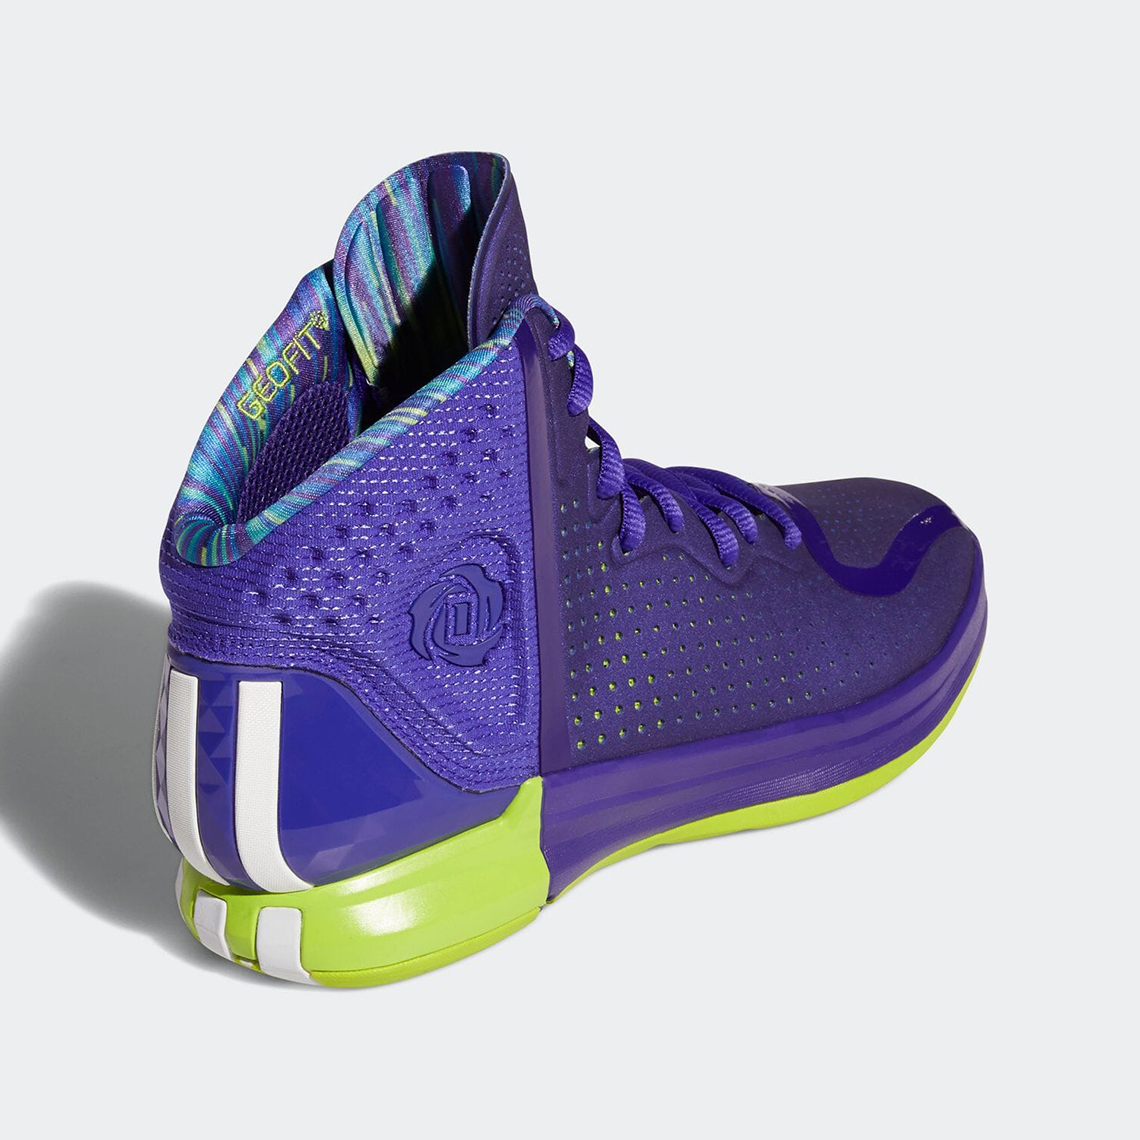 Adidas D Rose 4 Chicago Nightfall Release Date 7
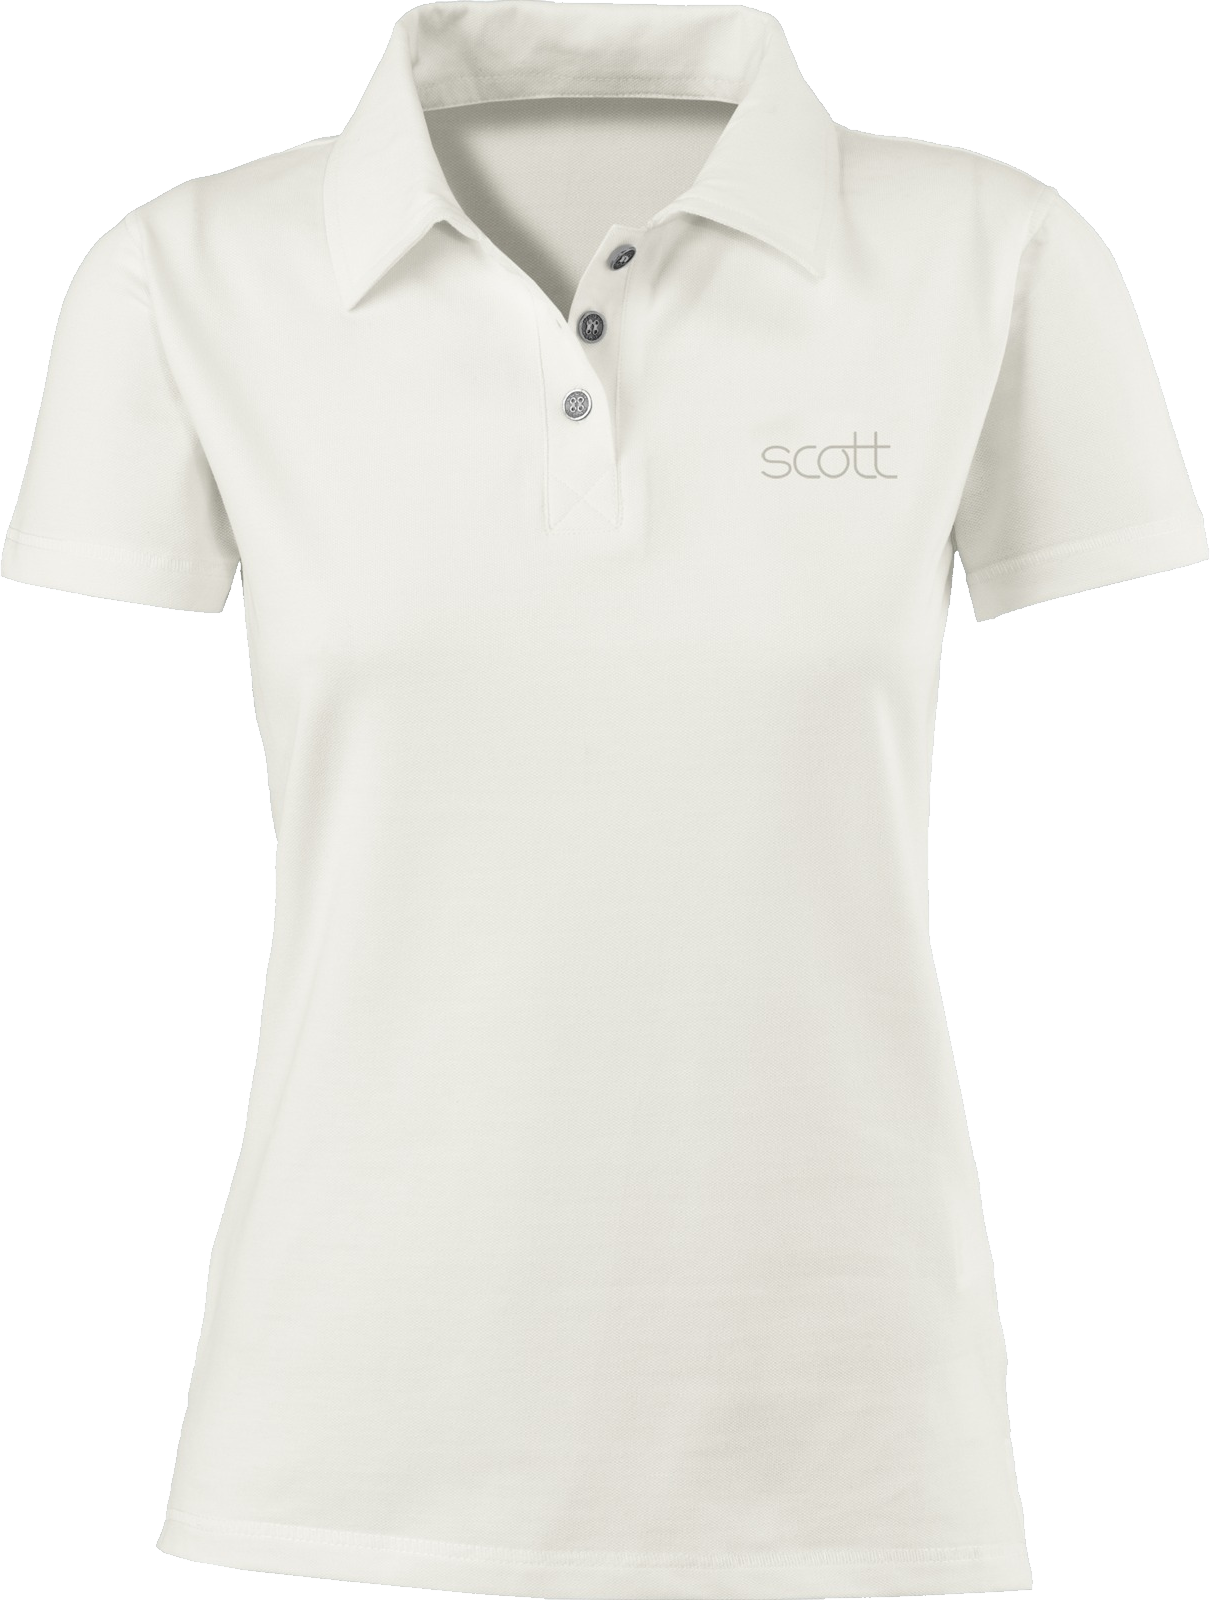 Shirt clipart polo. White png image purepng
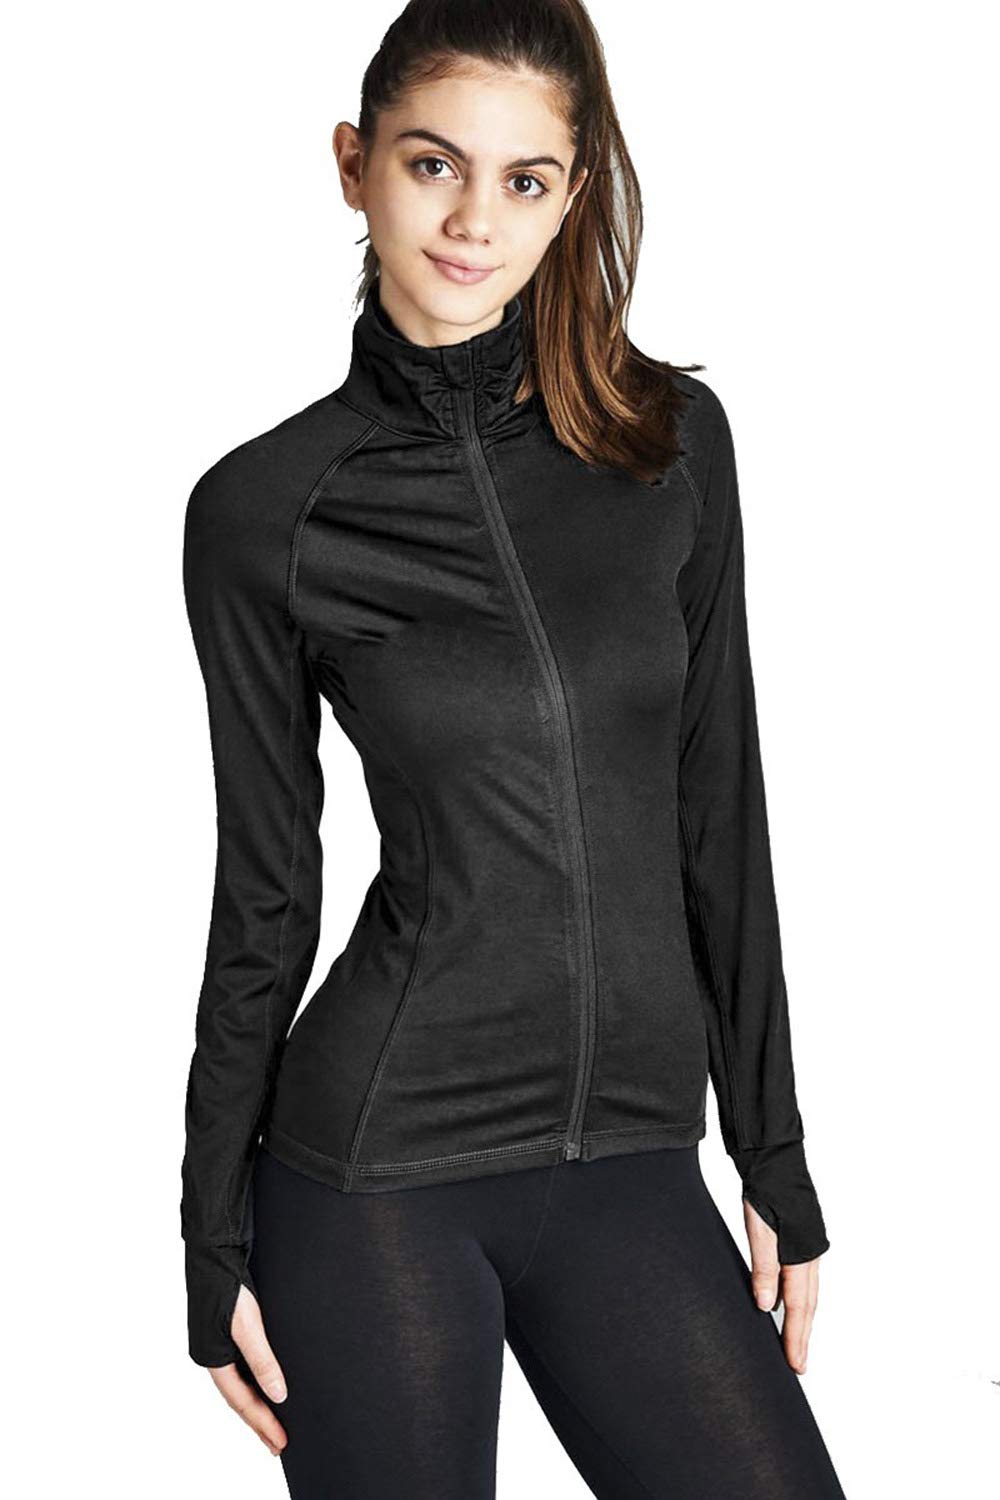 Women's Long Sleeve Zip up Athletic wear sweater Work Out Gym jacket
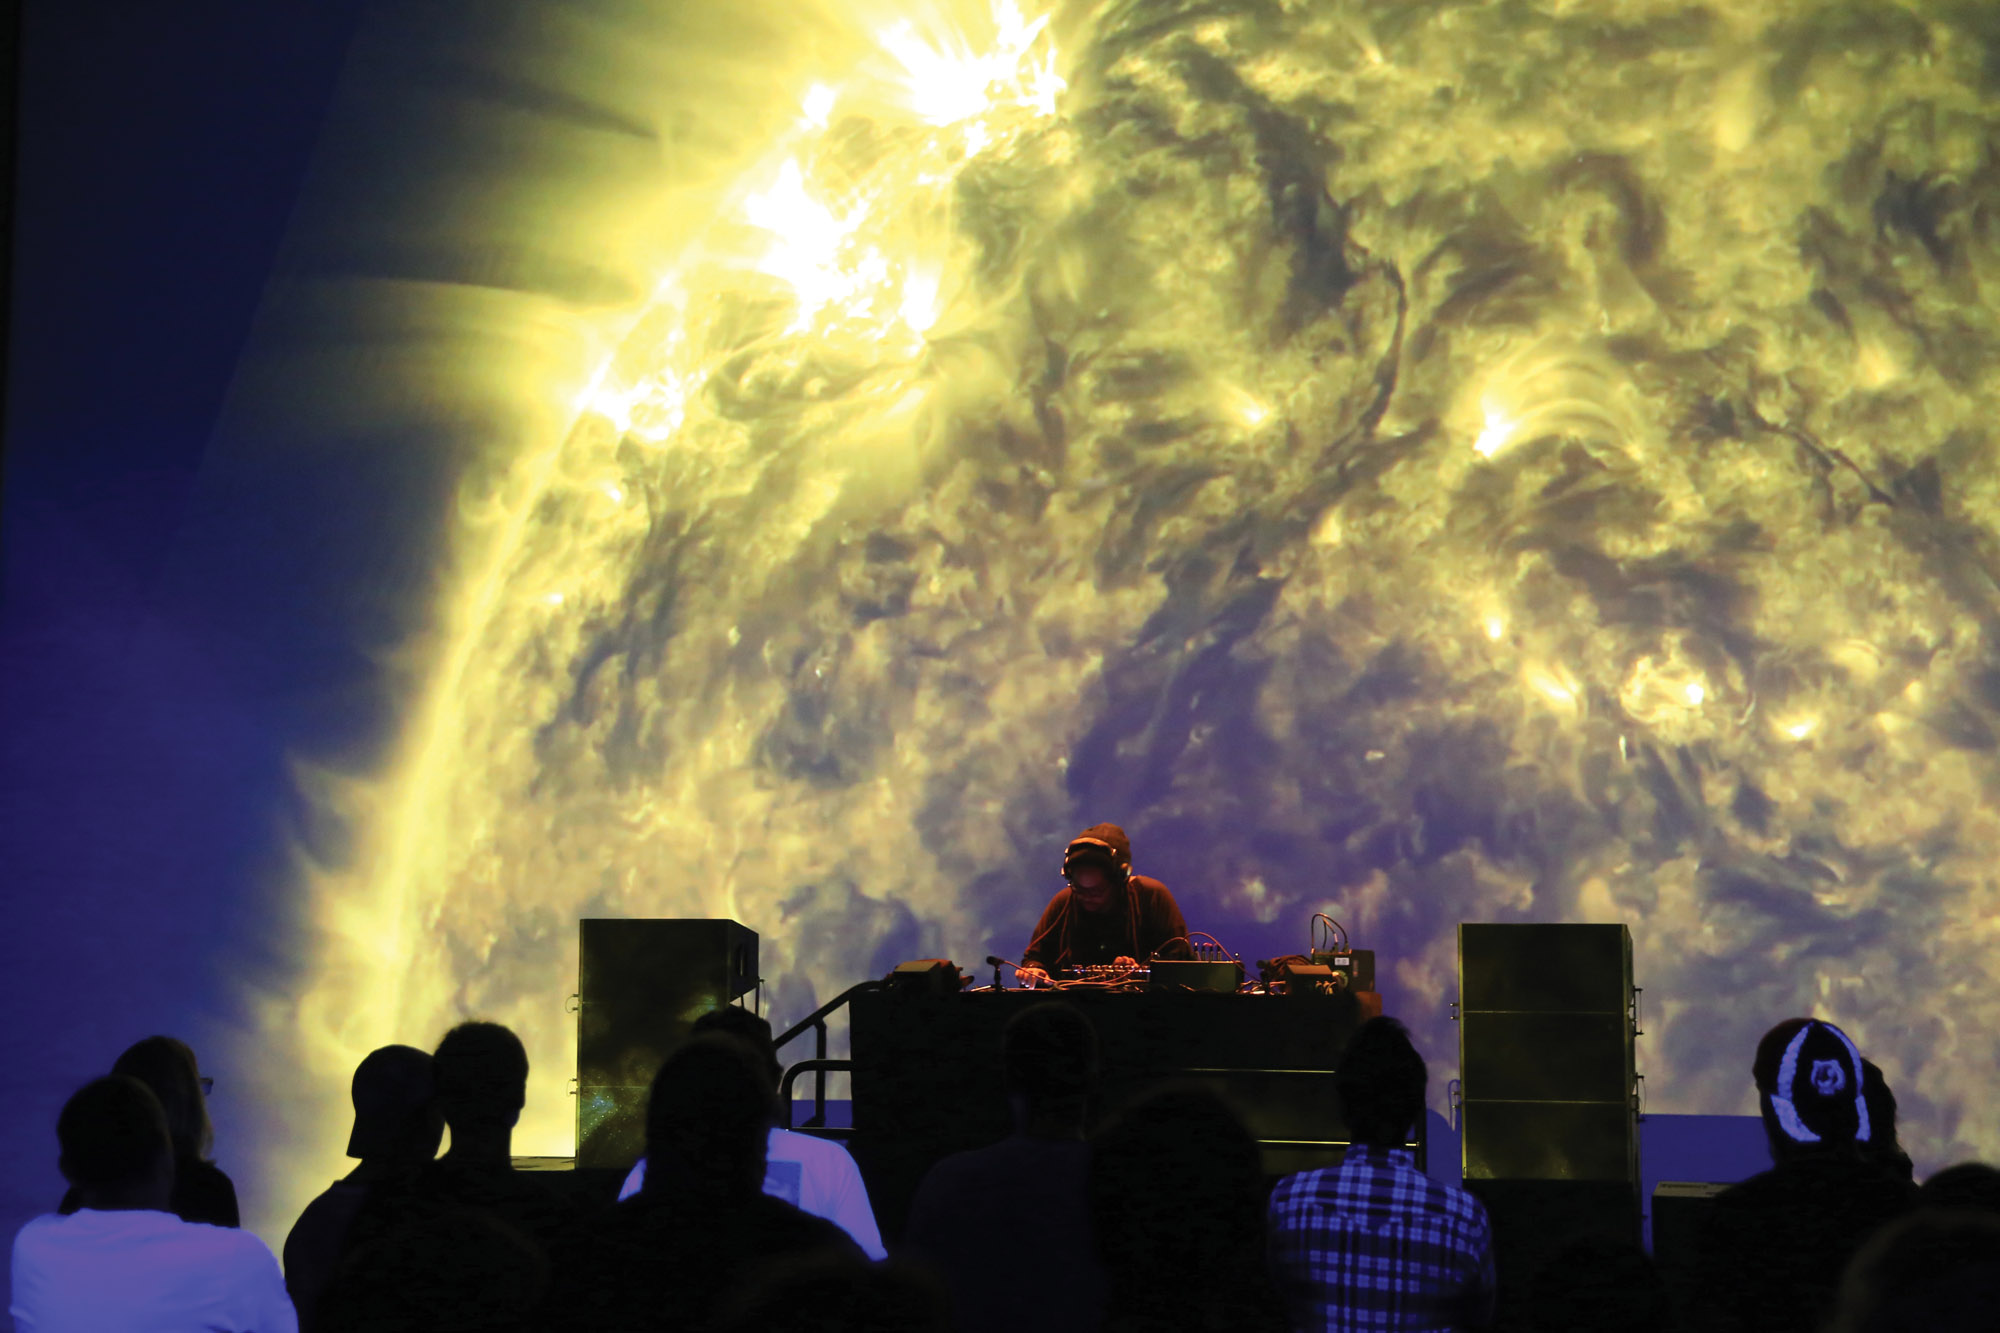 Heiroglyphic Being the artist Doing on stage to a small crowd as an image of the suns solar flares is projected behind him.

### Prompt
With pictures left out, print the lines of the material above from the line containing "Women's Long Sleeve" through its last line, exactly and nothing more.

### Result below
 Women's Long Sleeve Zip up Athletic wear sweater Work Out Gym jacket
 Heiroglyphic Being the artist Doing on stage to a small crowd as an image of the suns solar flares is projected behind him.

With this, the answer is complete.